**Information**
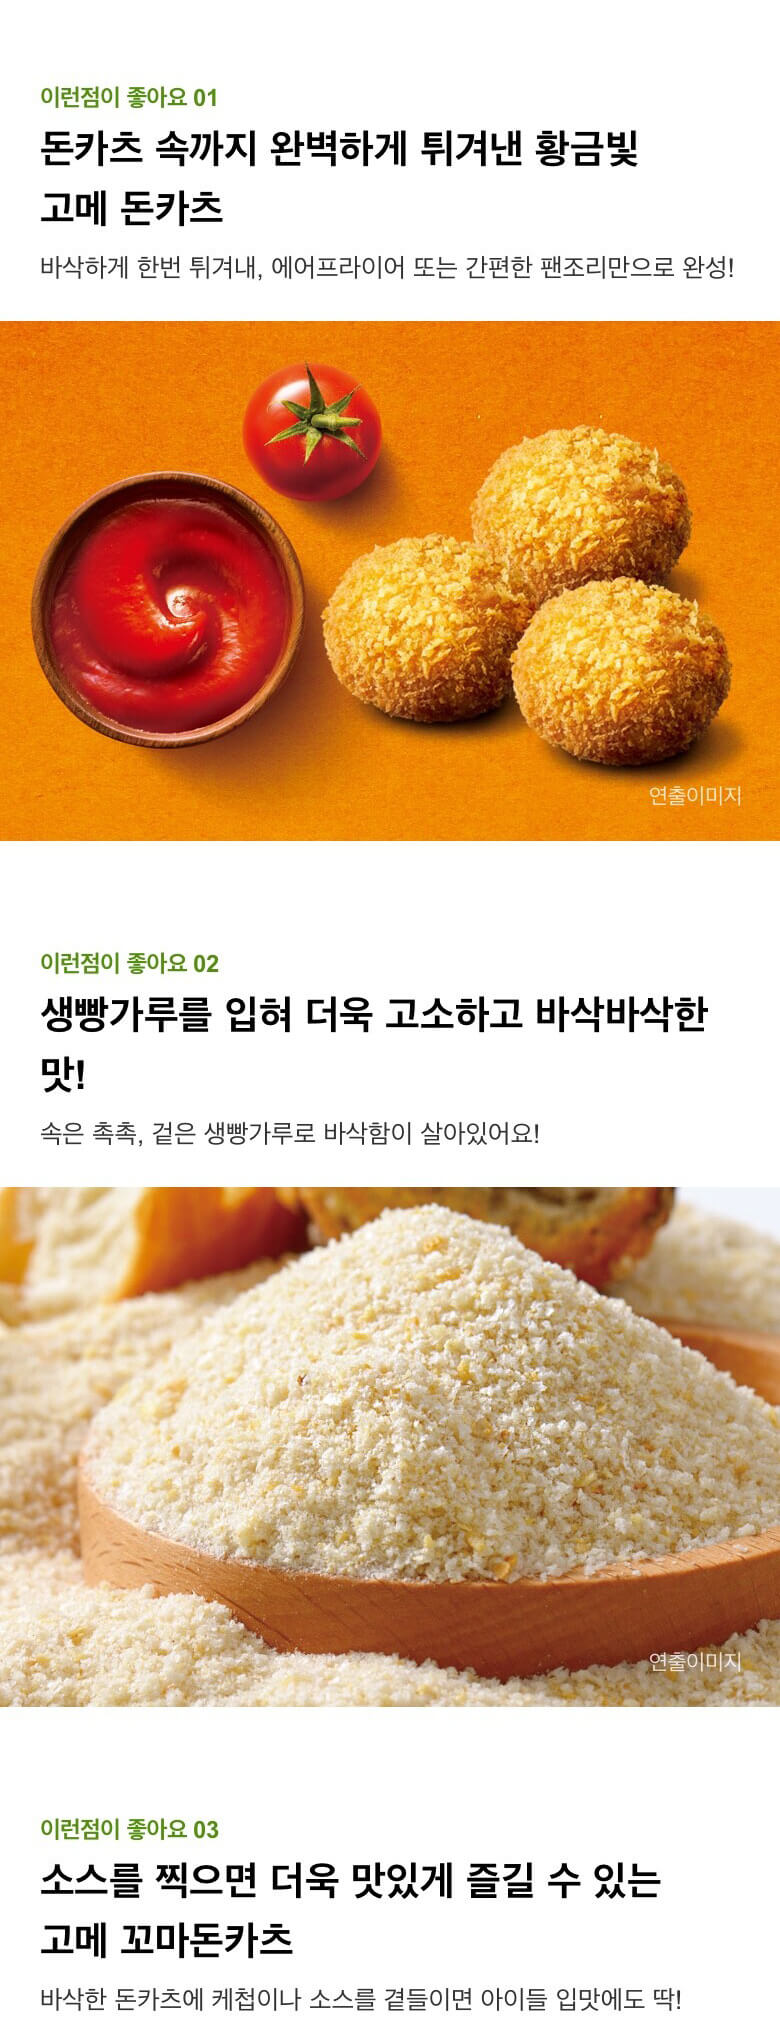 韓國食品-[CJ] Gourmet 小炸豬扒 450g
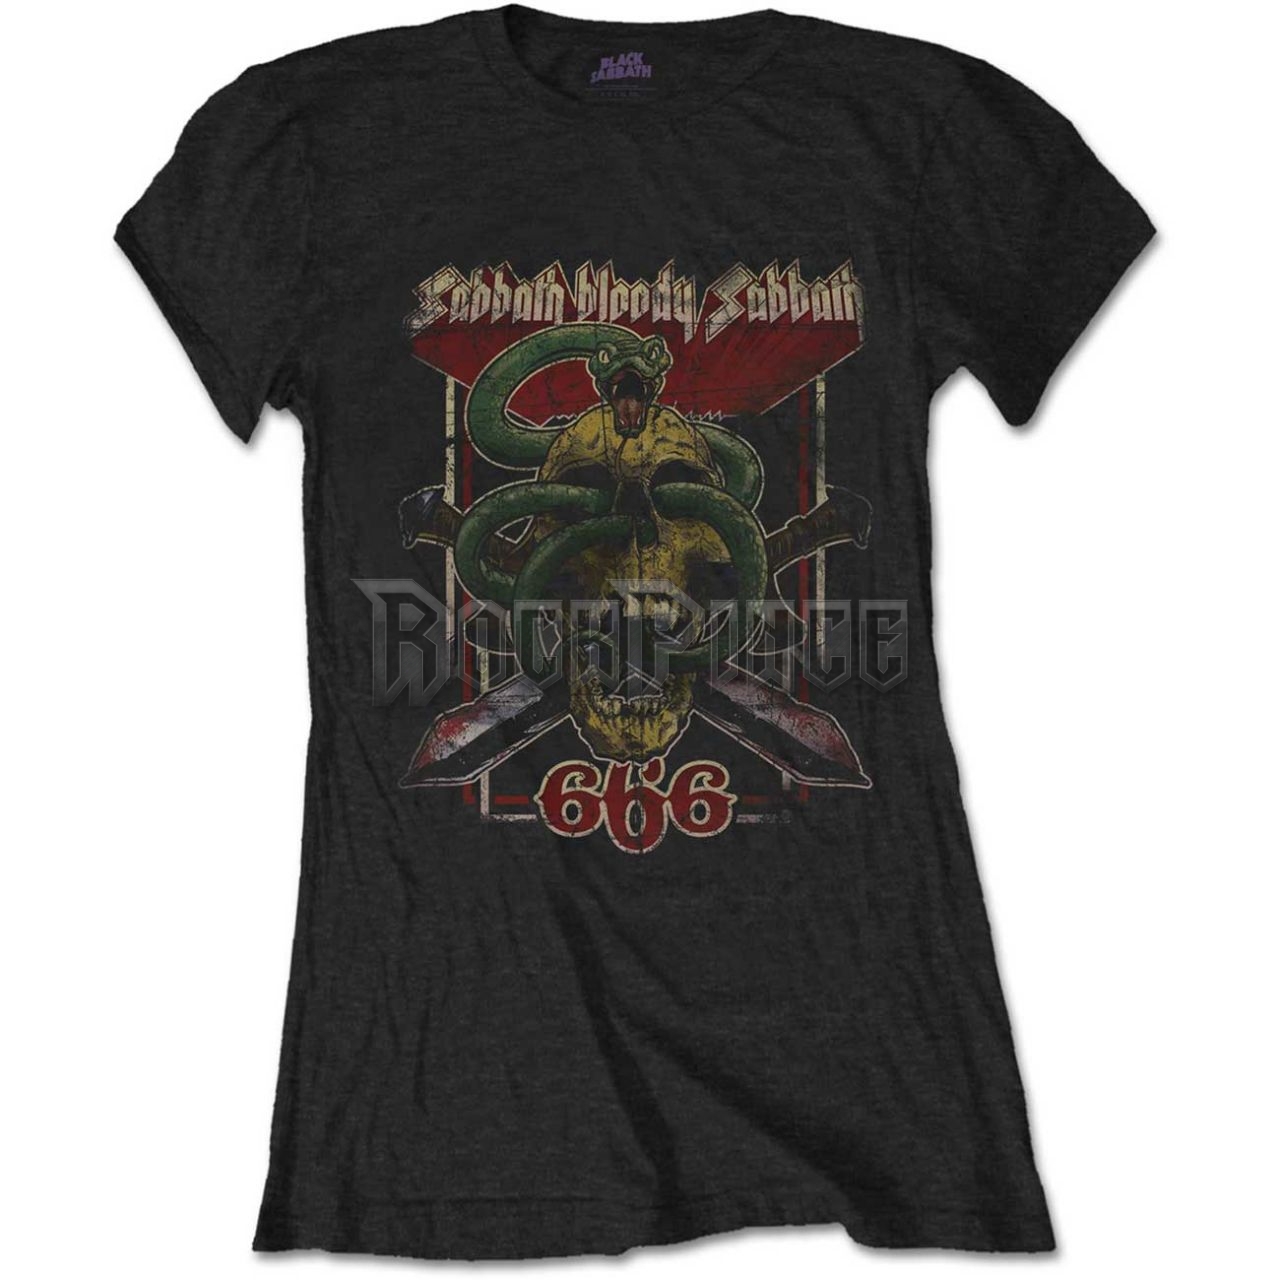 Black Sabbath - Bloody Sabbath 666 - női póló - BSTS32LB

==

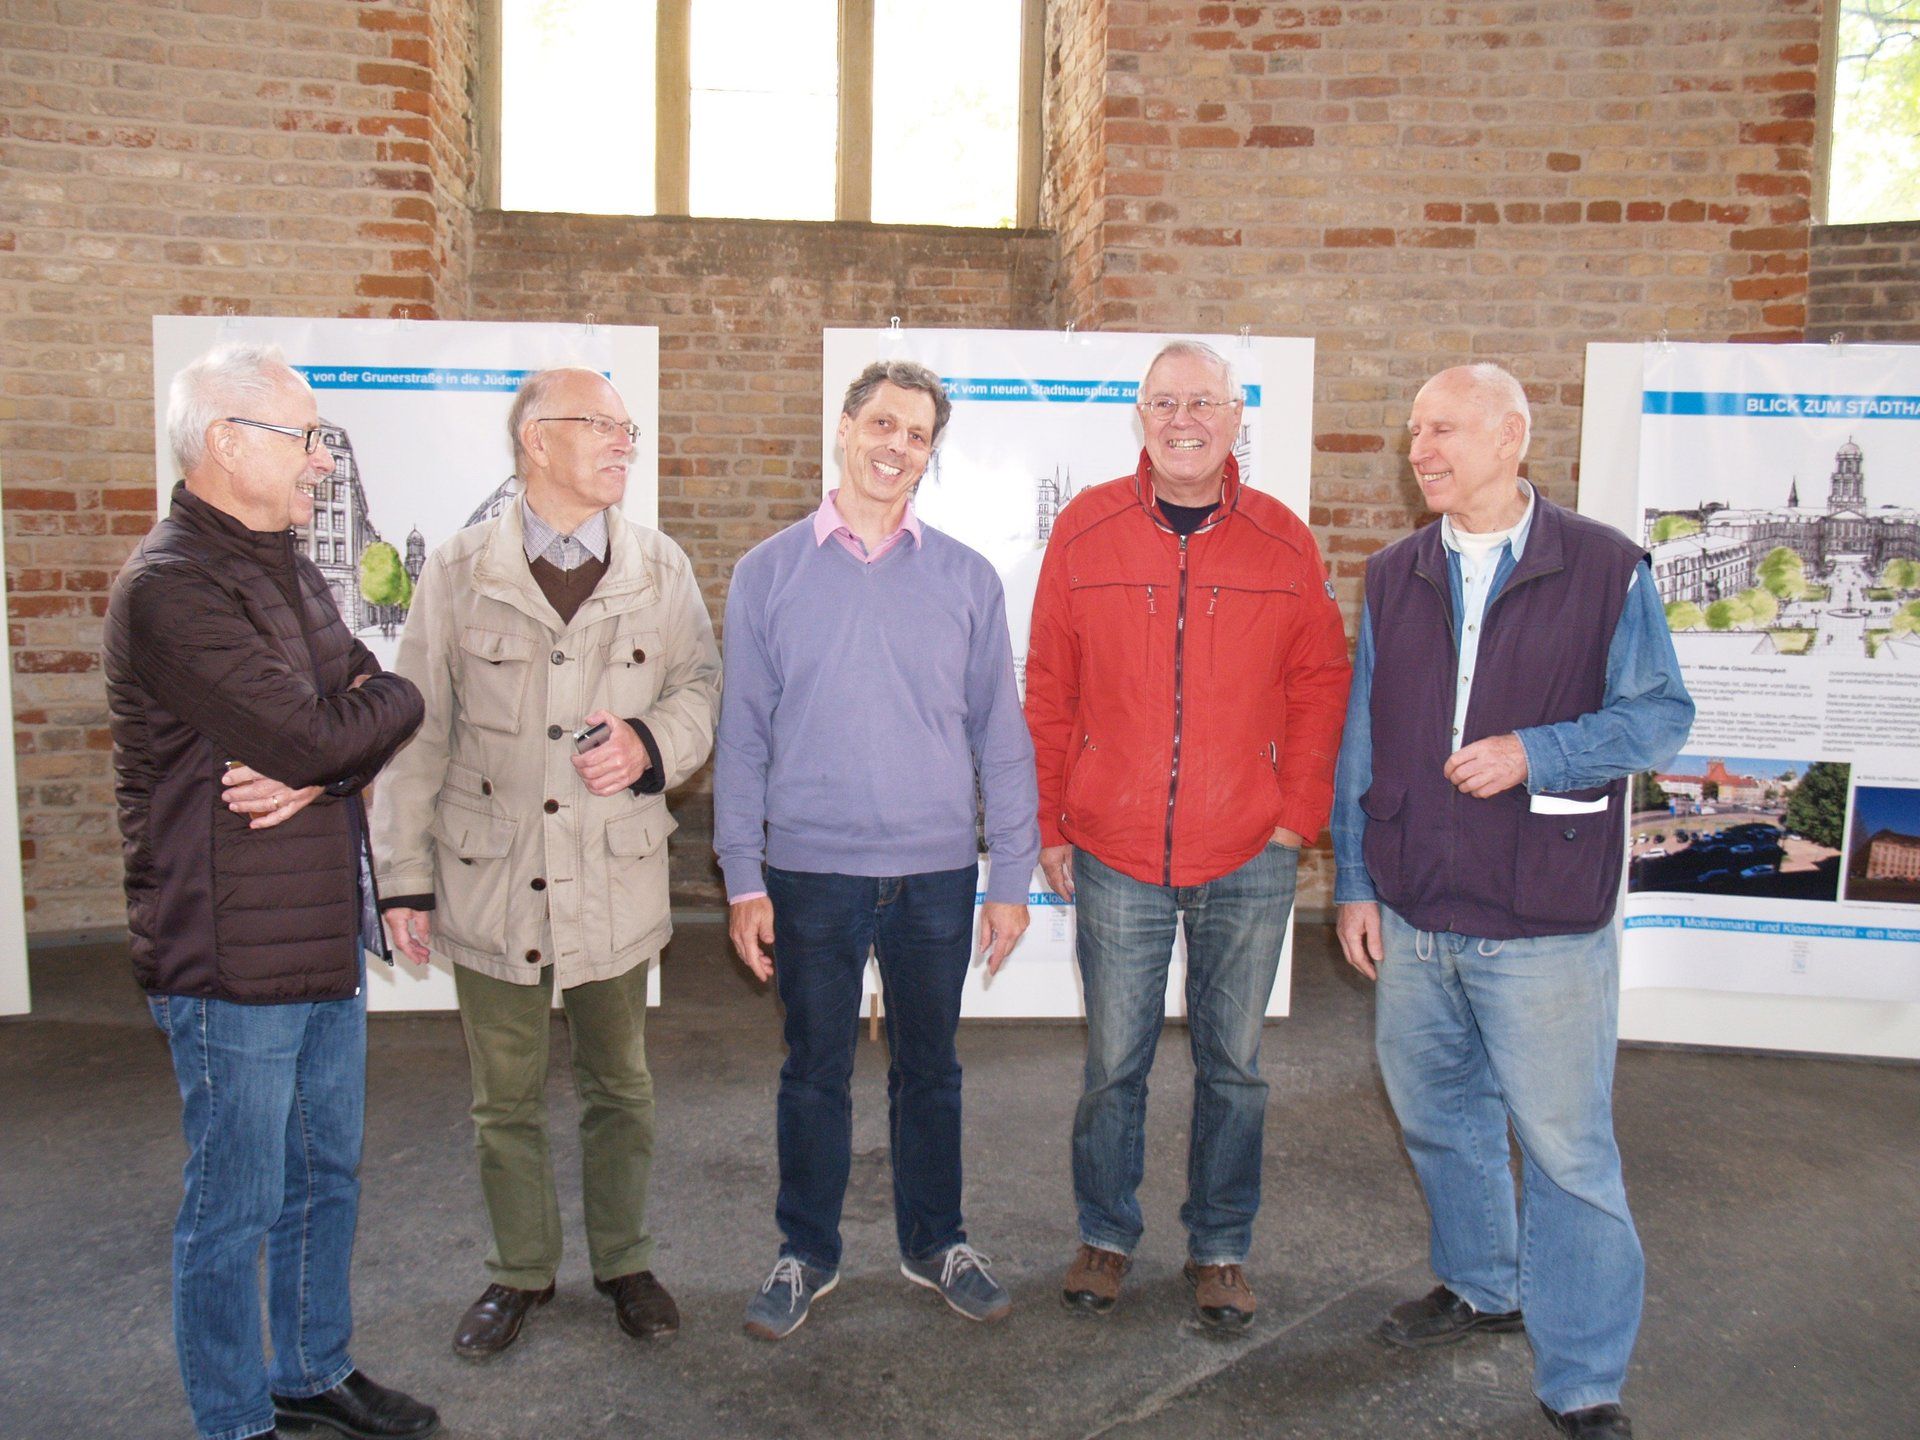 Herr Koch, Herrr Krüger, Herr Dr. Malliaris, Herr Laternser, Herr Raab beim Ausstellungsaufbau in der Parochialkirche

---

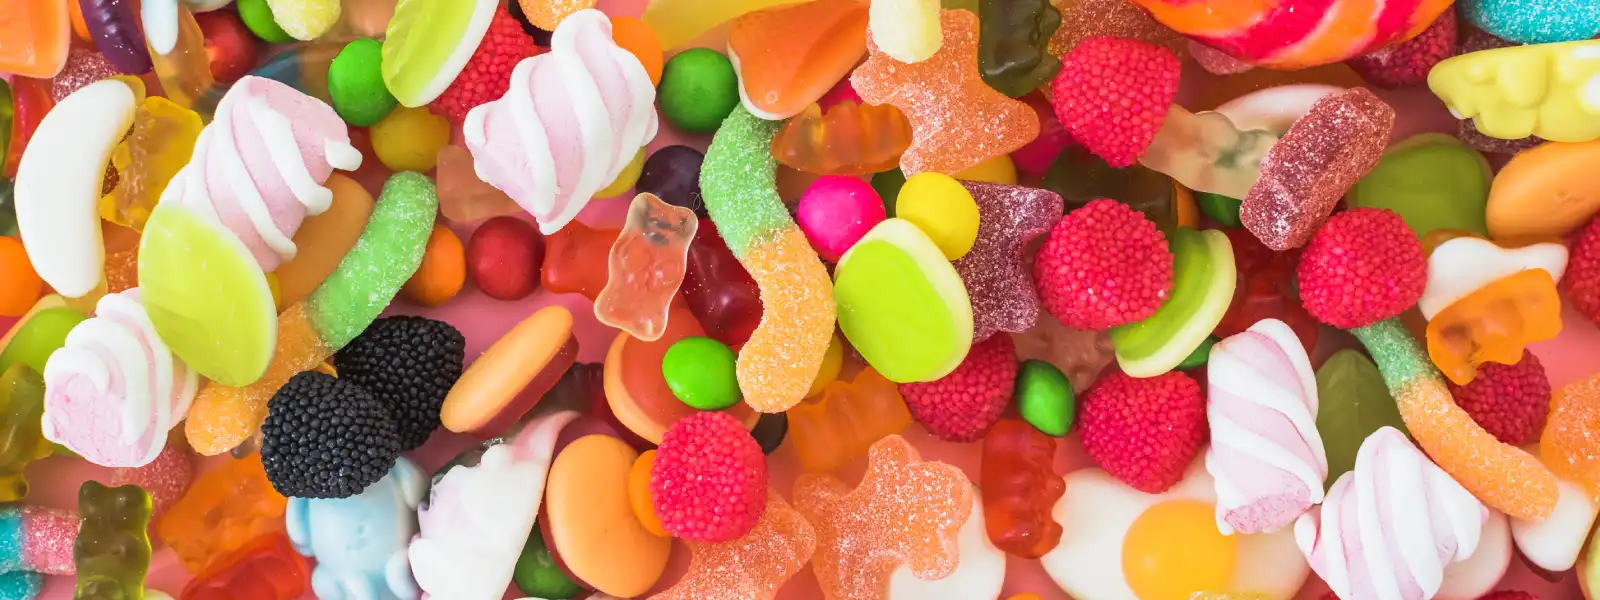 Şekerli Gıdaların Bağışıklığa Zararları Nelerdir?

**Task to carry out**
Your copy should hold only the lines above from the one containing "韓國食品-[CJ] Gourmet 小炸豬扒 450g" through the one containing "Black Sabbath - Bloody", exactly as written and free of pictures.

**Answer box**
 韓國食品-[CJ] Gourmet 小炸豬扒 450g
 Black Sabbath - Bloody Sabbath 666 - női póló - BSTS32LB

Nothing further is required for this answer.